▶ _RECORDS FOR THIS EXERCISE_
● ● ●

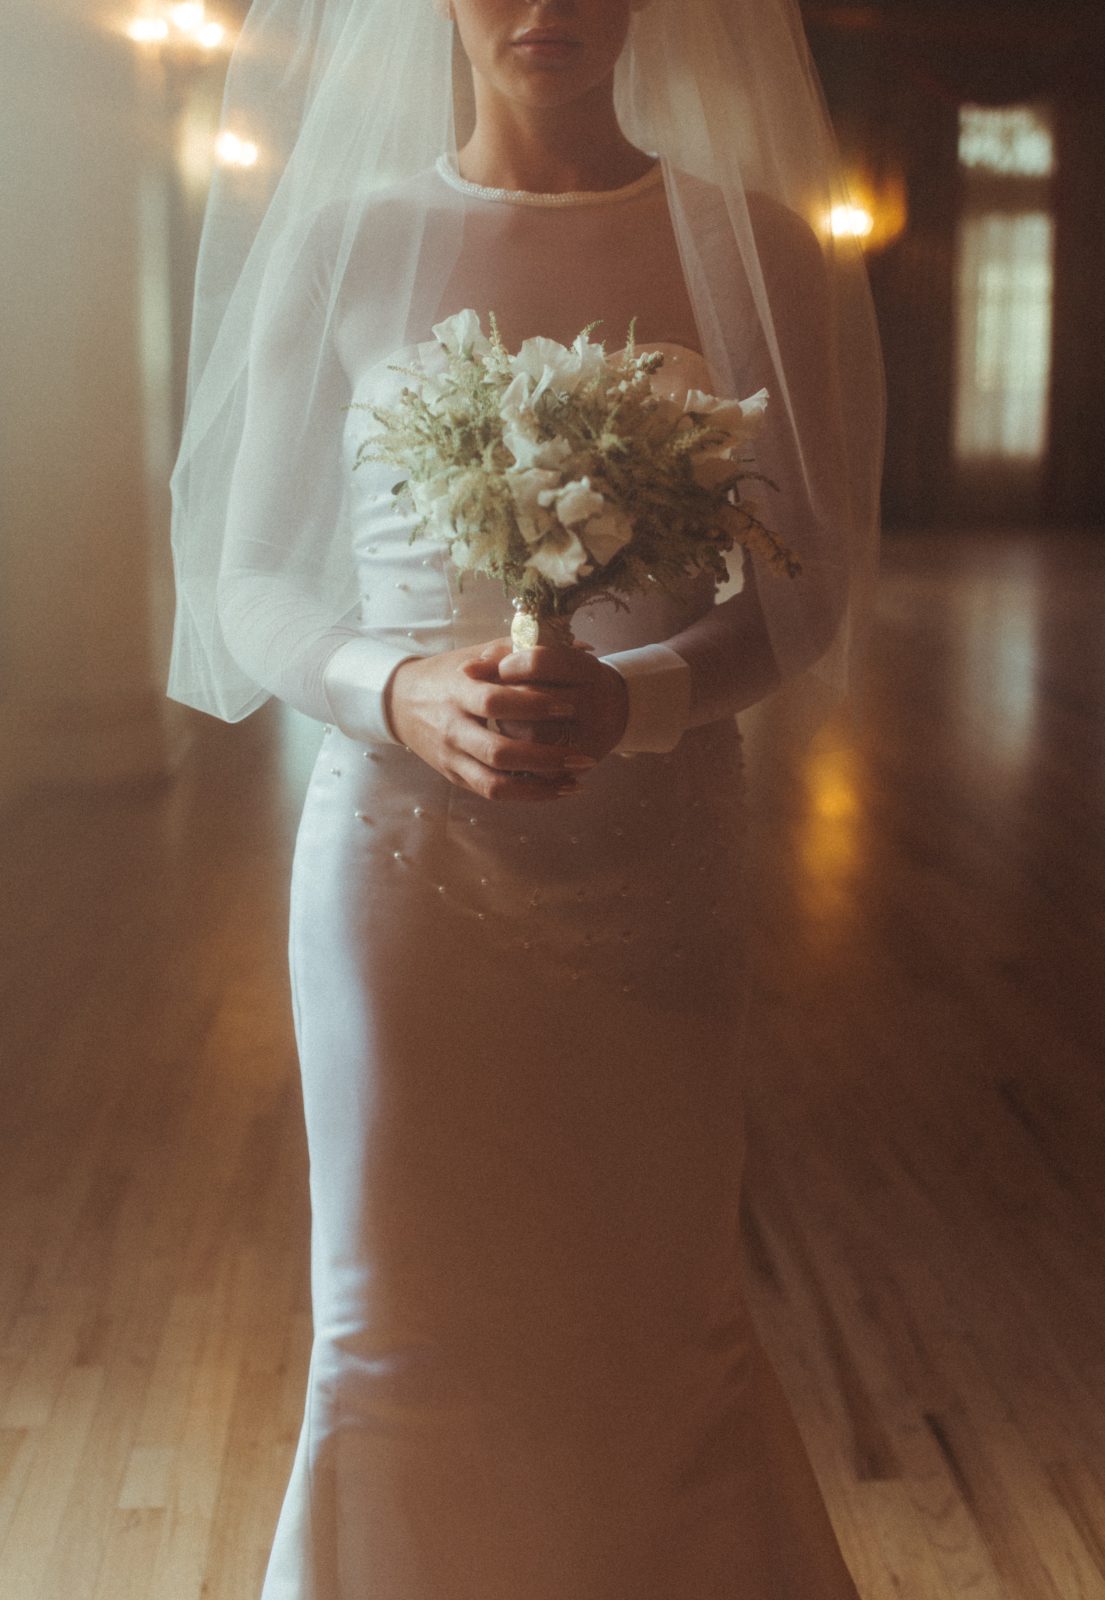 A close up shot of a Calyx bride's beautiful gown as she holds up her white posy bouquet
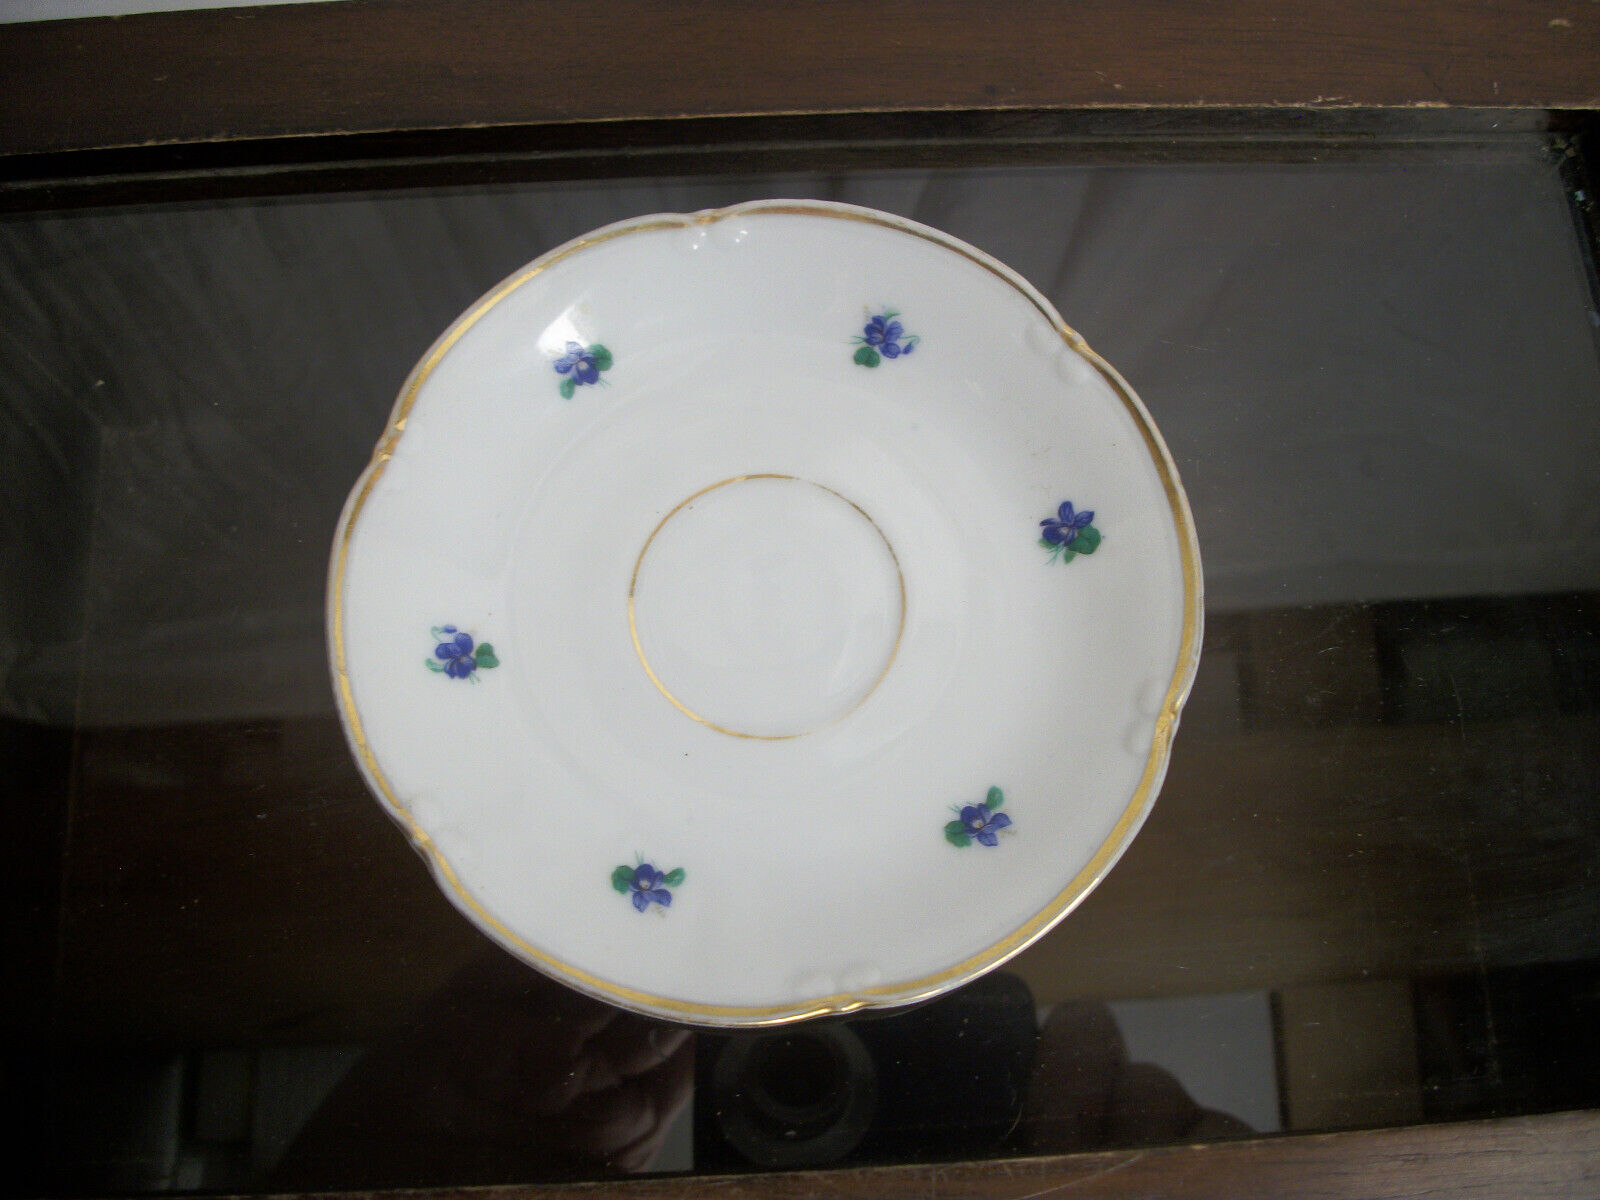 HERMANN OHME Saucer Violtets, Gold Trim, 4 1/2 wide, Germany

● ● ●

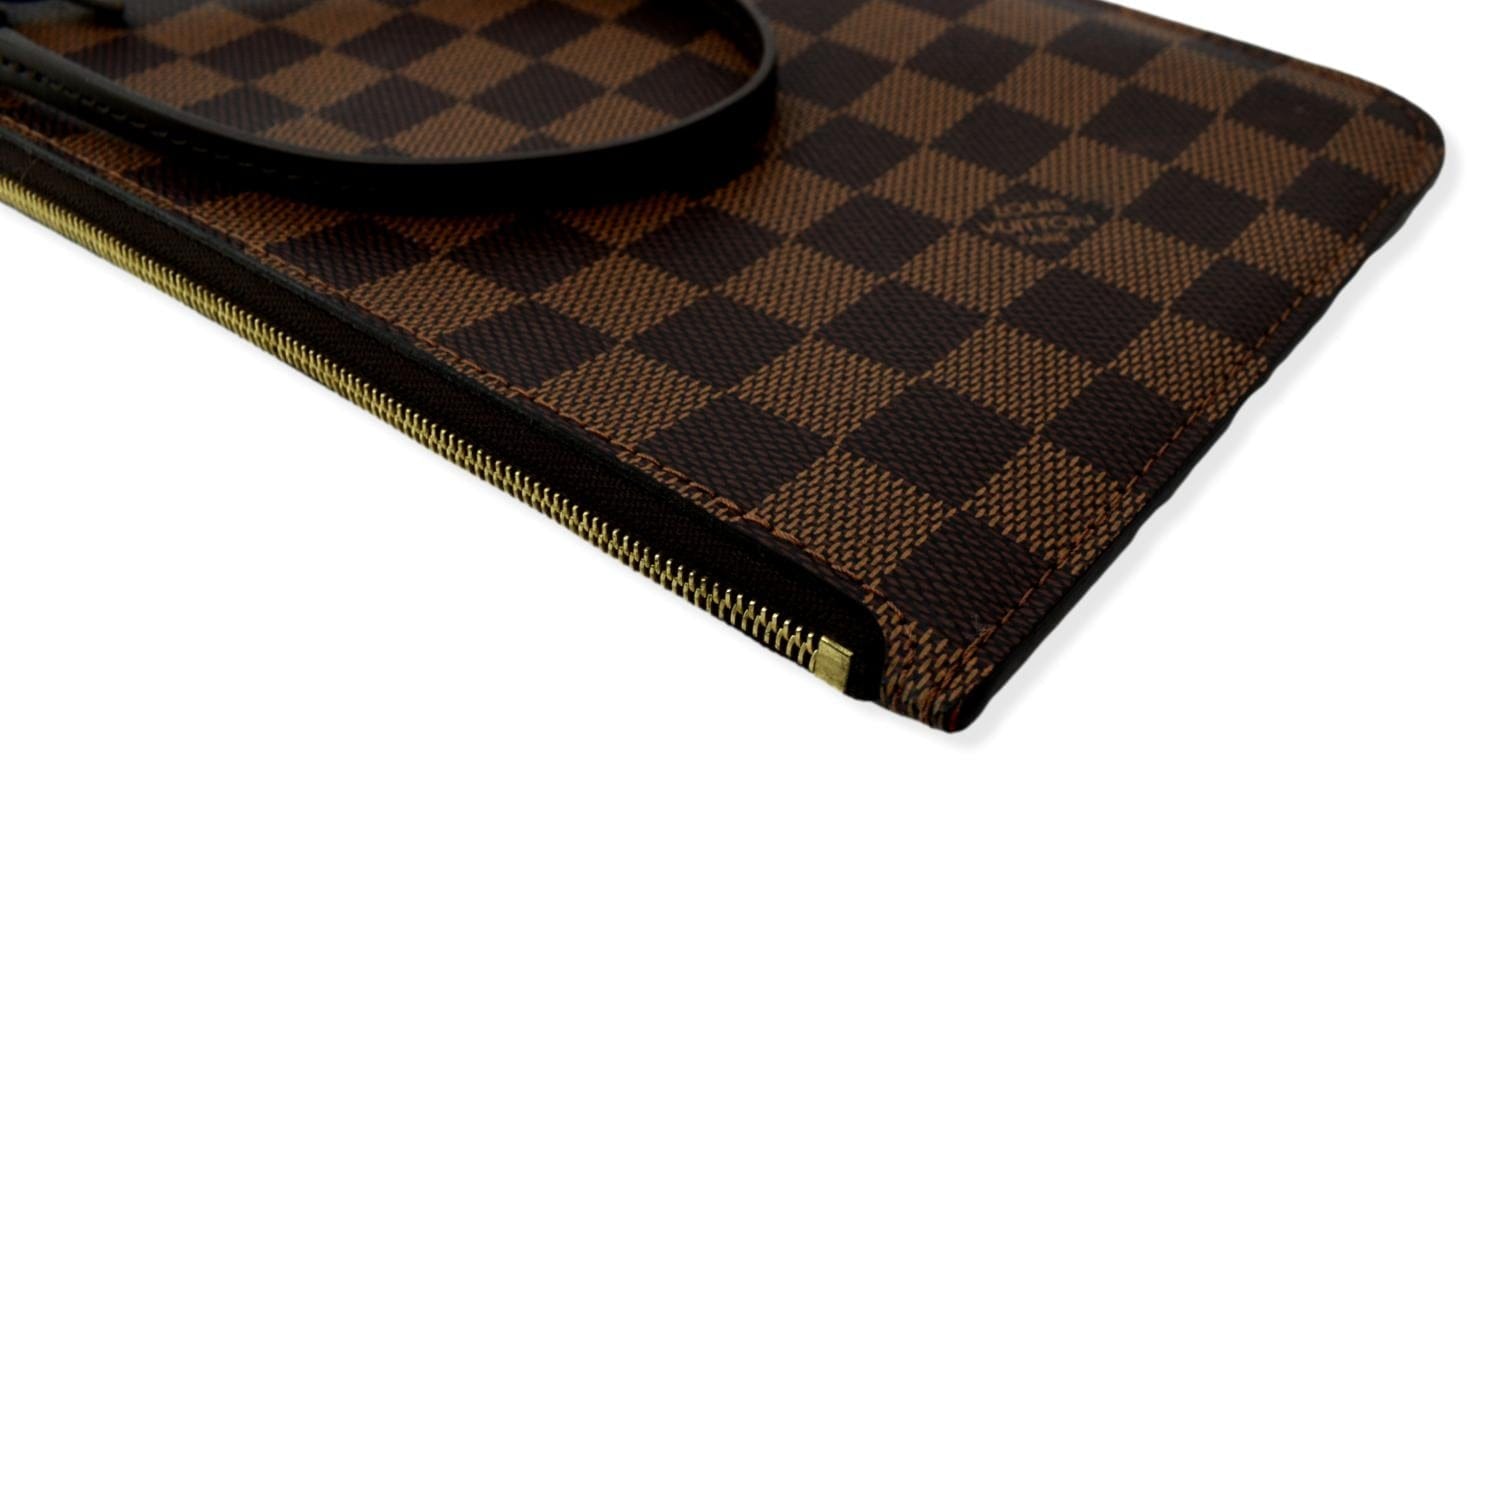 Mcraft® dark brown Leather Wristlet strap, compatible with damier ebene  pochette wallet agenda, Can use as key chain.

● ● ●

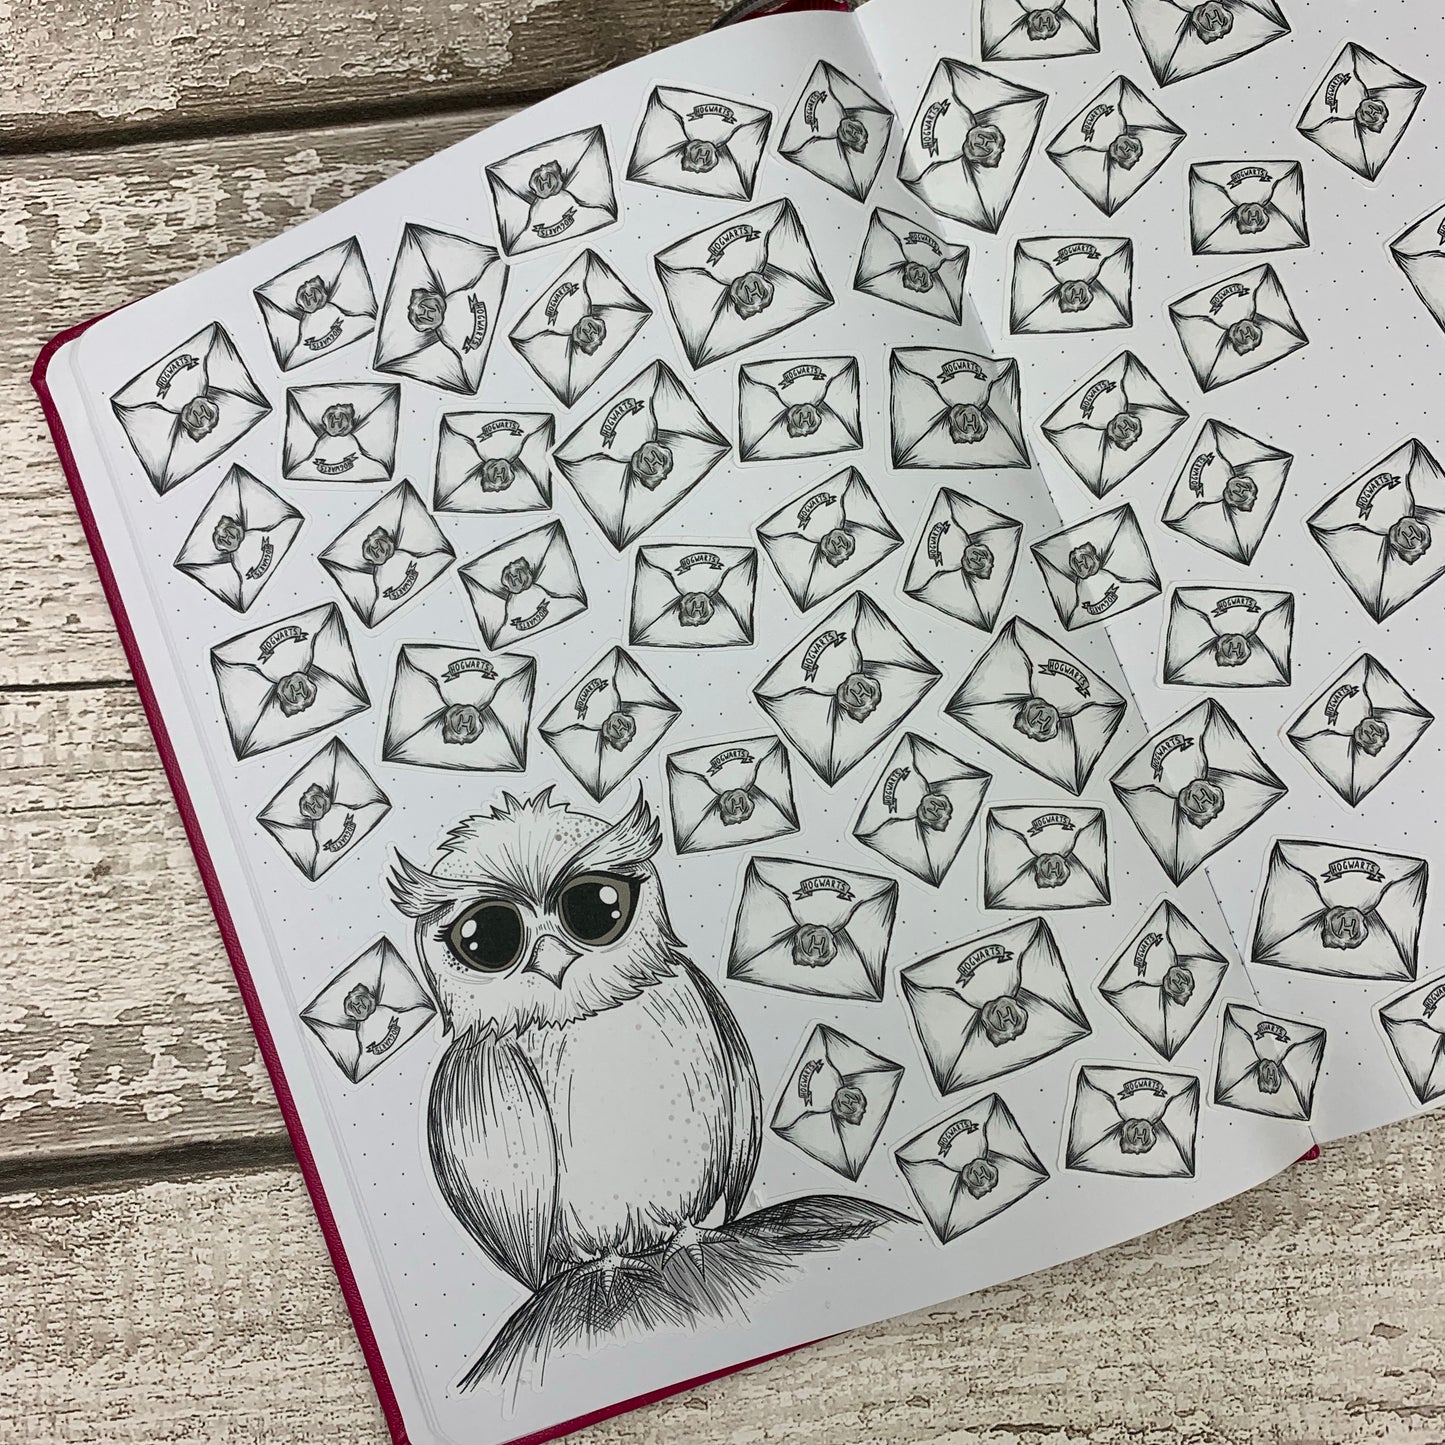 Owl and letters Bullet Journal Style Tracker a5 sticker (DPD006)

● ● ●

▶ _WORK ORDER_
Of the records above, print only the lines from the one containing "A close up shot" through the one containing "HERMANN OHME Saucer", inclusive and unaltered, leaving out pictures.

▶ _EXERCISE OUTPUT_
 A close up shot of a Calyx bride's beautiful gown as she holds up her white posy bouquet
 HERMANN OHME Saucer Violtets, Gold Trim, 4 1/2 wide, Germany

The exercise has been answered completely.